At an average postoperative follow-up of 21 months, 14 of the 25 hypoechoic clefts (56%) had healed; 5 (20%) had persistent clefts whereas 6 (24%) had progressed to a full-thickness rotator cuff retear. Patients with a hypoechoic cleft ≥36 mm2 were 5 times more likely to have a retear than patients with hypoechoic cleft <36 mm2 (relative risk = 5.1; P < .05). Patients with hypoechoic clefts ≥36 mm2 had a higher frequency of pain during activity and sleep and a lower level of satisfaction at the 21-month follow-up compared to those with small hypoechoic clefts (P = .05).

Conclusion

This is the first study to evaluate the natural history of a hypoechoic cleft found at ultrasonography following rotator cuff repair. The study showed that clefts less than 36 mm2 are likely to heal, while those greater than 36 mm2 are at high risk of progressing to full-thickness retears.

Keywords: Hypoechoic cleft, hypoechoic, ultrasonography, rotator cuff repair, rotator cuff tear, shoulder


Rotator cuff tear is a common cause for pain and loss of shoulder function. The majority of tears occurs at the supraspinatus; however, more than 1 tendon of the rotator cuff can be involved.17 The main treatment for symptomatic rotator cuff tears is rotator cuff repair.13 The most common complication after rotator cuff repair is retear, with the retear rate ranging from 11%-94%.15

Postoperative imaging is important in the assessment of postoperative rotator cuff tendon integrity. High-resolution ultrasonography in real time is a commonly used and effective imaging modality to demonstrate rotator cuff pathology and associated intratendinous changes.1, 13 The rate of structural defects reported after open and arthroscopic rotator cuff repair surgery ranges from 13%-94%.3

When examining patients with ultrasonography at 6 months after their rotator cuff repair surgery, our senior sonographer (L.H.) has from time to time noted hypoechoic clefts within the repaired tendon. Hypoechoic clefts are defined by the sonographer as partial-thickness defects found in an intact rotator cuff tendon. They are a small focal area of hypoechogenicity (largest identified in this study was 110 mm2) with well-defined margins (Fig. 1). The well-defined margin of a hypoechoic cleft differs from the jagged margin found in rotator cuff tears and retears. Hypoechoic clefts also differ from postoperative heterogenous tendon, as the postoperative tendon are shades of grey whereas the cleft is black, similar to cyst lesions. There is no evidence of fibrillar structure or vascularity within the cleft. Hypoechoic clefts are usually located near the anchor site and extend mediolaterally along the tendon.

Figure 1.

Figure 1

Long-axis ultrasonographic image of the supraspinatus tendon with hypoechoic cleft.

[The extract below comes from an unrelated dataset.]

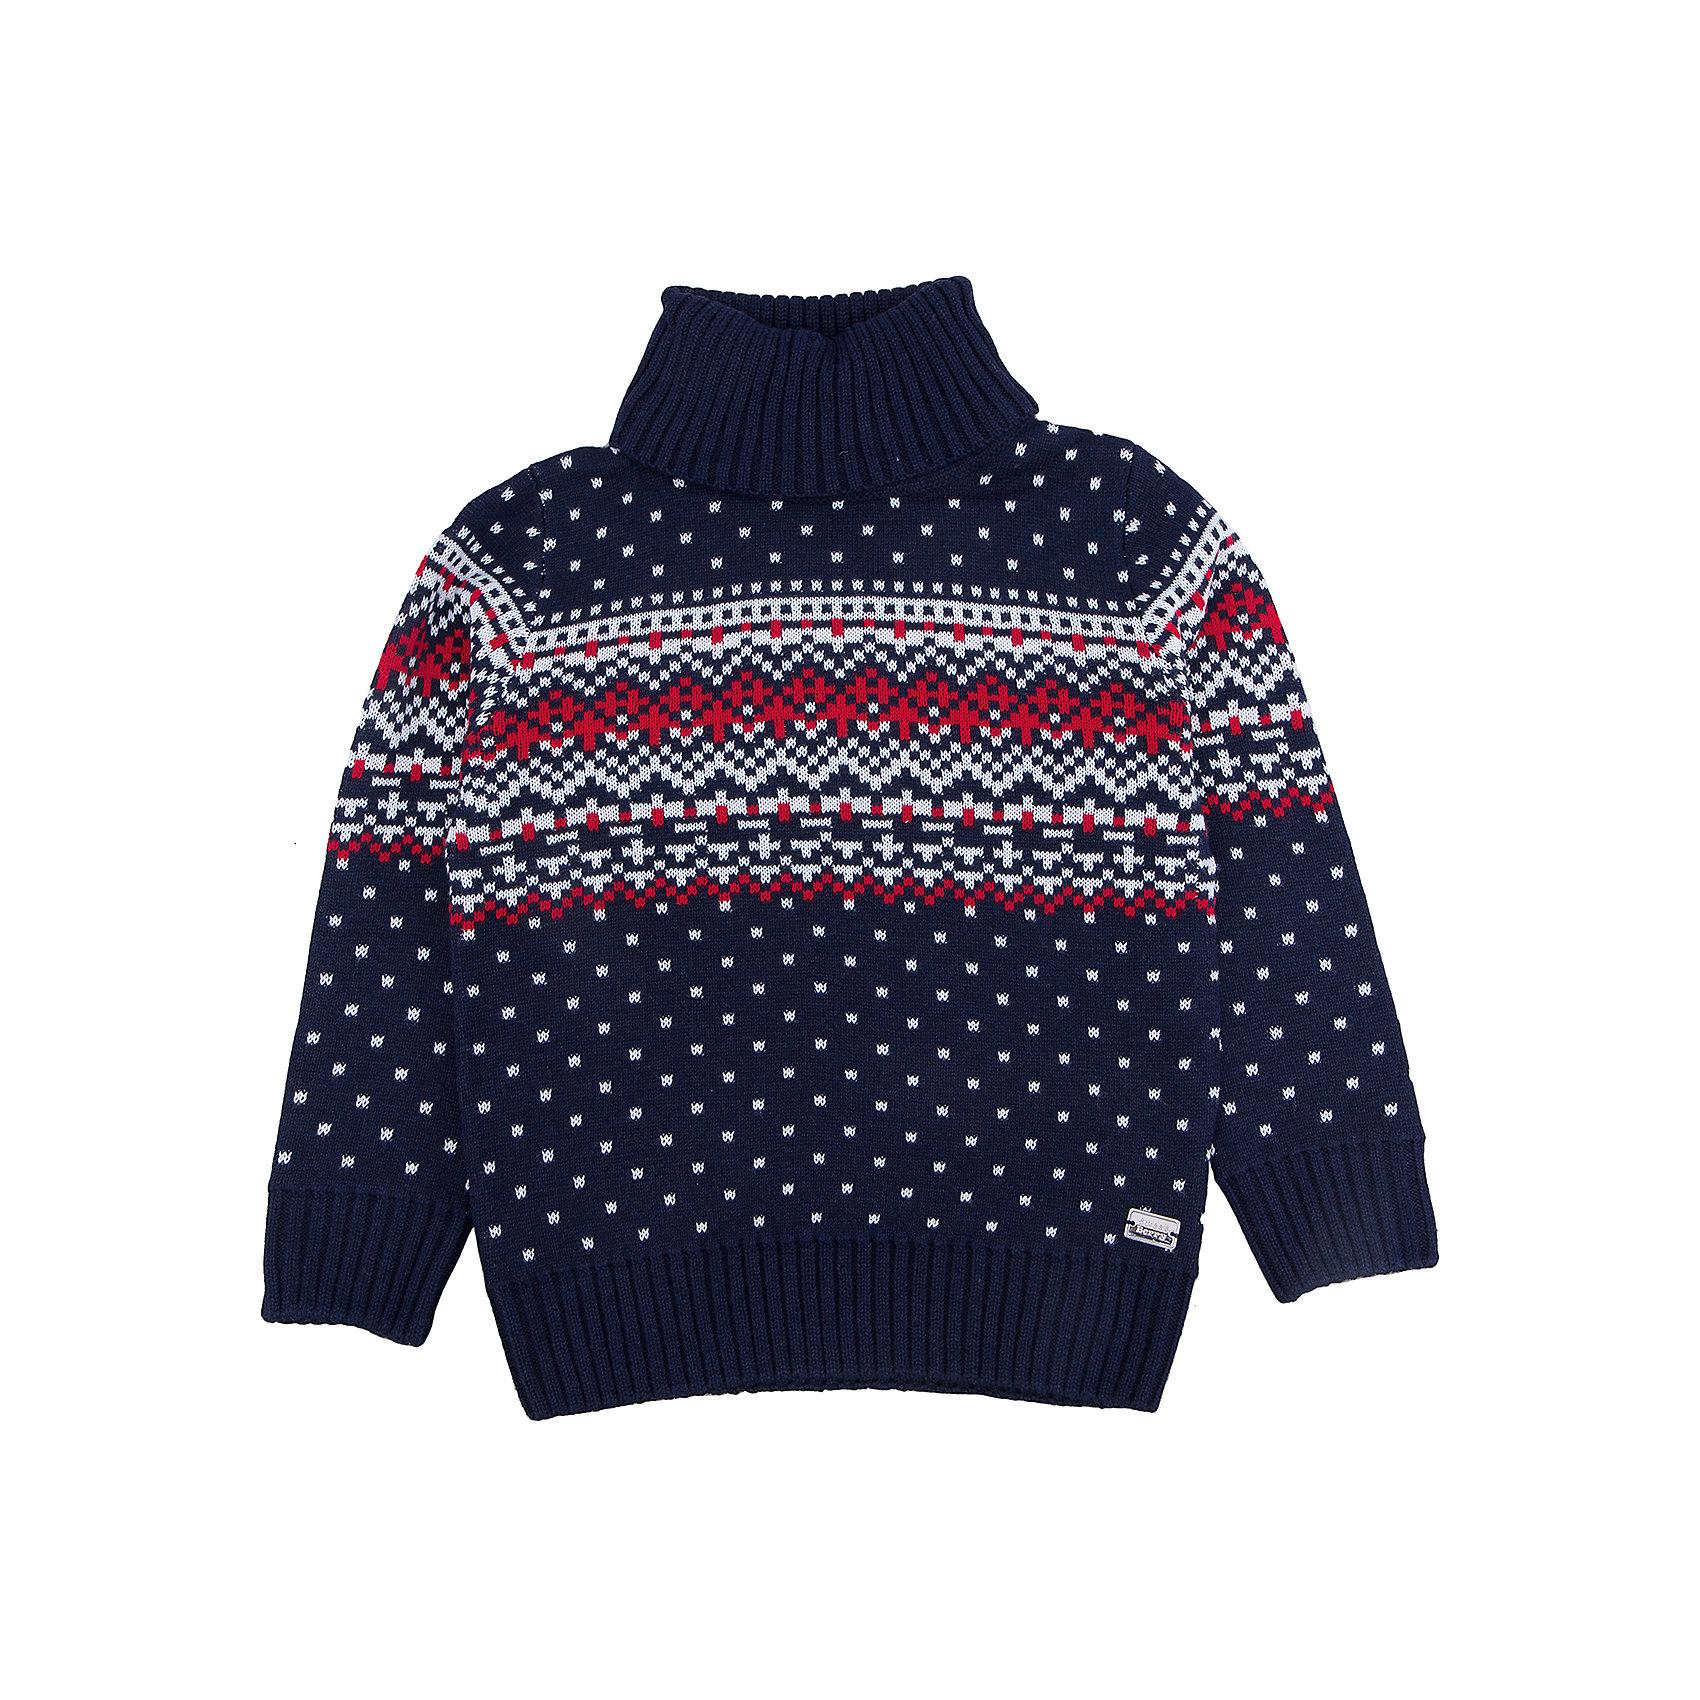 Свитер для мальчика Sweet BerryЭта модель свитера для мальчика отличается модным дизайном с оригинальным узором. Удачный крой обеспечит ребенку комфорт и тепло. Края изделия обработаны мягкой резинкой , горло - высокое, поэтому вещь плотно прилегает к телу там, где нужно, и отлично сидит по фигуре. Натуральный хлопок в составе пряжи обеспечит коже возможность дышать и не вызовет аллергии.<br>Одежда от бренда Sweet Berry - это простой и выгодный способ одеть ребенка удобно и стильно. Всё изделия тщательно проработаны: швы - прочные, материал - качественный, фурнитура - подобранная специально для детей. <br><br>Дополнительная информация:<br><br>цвет: синий;<br>материал: 60% хлопок, 40% акрил;<br>высокое горло;<br>декорирован узором.<br><br>Свитер для мальчика от бренда Sweet Berry можно купить в нашем интернет-магазине.<br><br>Ширина мм: 190<br>Глубина мм: 74<br>Высота мм: 229<br>Вес г: 236<br>Цвет: синий<br>Возраст от месяцев: 24<br>Возраст до месяцев: 36<br>Пол: Мужской<br>Возраст: Детский<br>Размер: 98,104,128,122,116,110<br>SKU: 4930571

Little is known about the fate of these hypoechoic clefts. The primary aim of this study, therefore, was to determine the fate of these hypoechoic clefts, whether they heal, persist in the tendon, or further develop into retears. Secondary aims were to determine whether hypoechoic cleft size influences patient-ranked pain and functional outcomes, and examiner-assessed range of motion and strength.

Materials and methods

Study design

This study was a prospective evaluation of the morphologic outcomes of the rotator cuffs at the 9-month follow-up or later after rotator repair surgery in patients who had an arthroscopic rotator cuff repair and were found to have a hypoechoic cleft on ultrasonography at the 6-month postoperative follow-up. The primary outcome of the study was to determine whether the hypoechoic cleft had resolved, persisted, or progressed to a full-thickness retear. Secondary outcomes were to investigate the relationship between hypoechoic cleft size and patient-assessed pain, function, and satisfaction scores and examiner-assessed passive range of motion and strength. Patients were included in this study if they had an arthroscopic rotator cuff repair and were found to have a hypoechoic cleft on the repaired tendon at 6-month follow-up ultrasonography. Patients were excluded from the study if they had a rotator cuff repair with an interpositional polytetrafluoroethylene (PTFE) patch, partial rotator cuff repair, osteoarthritis of the shoulder (≥grade II), and concurrent fracture of the humerus. Patients who satisfied the inclusion/exclusion criteria were invited to attend a follow-up clinic to determine the status of rotator cuff tendon postsurgery.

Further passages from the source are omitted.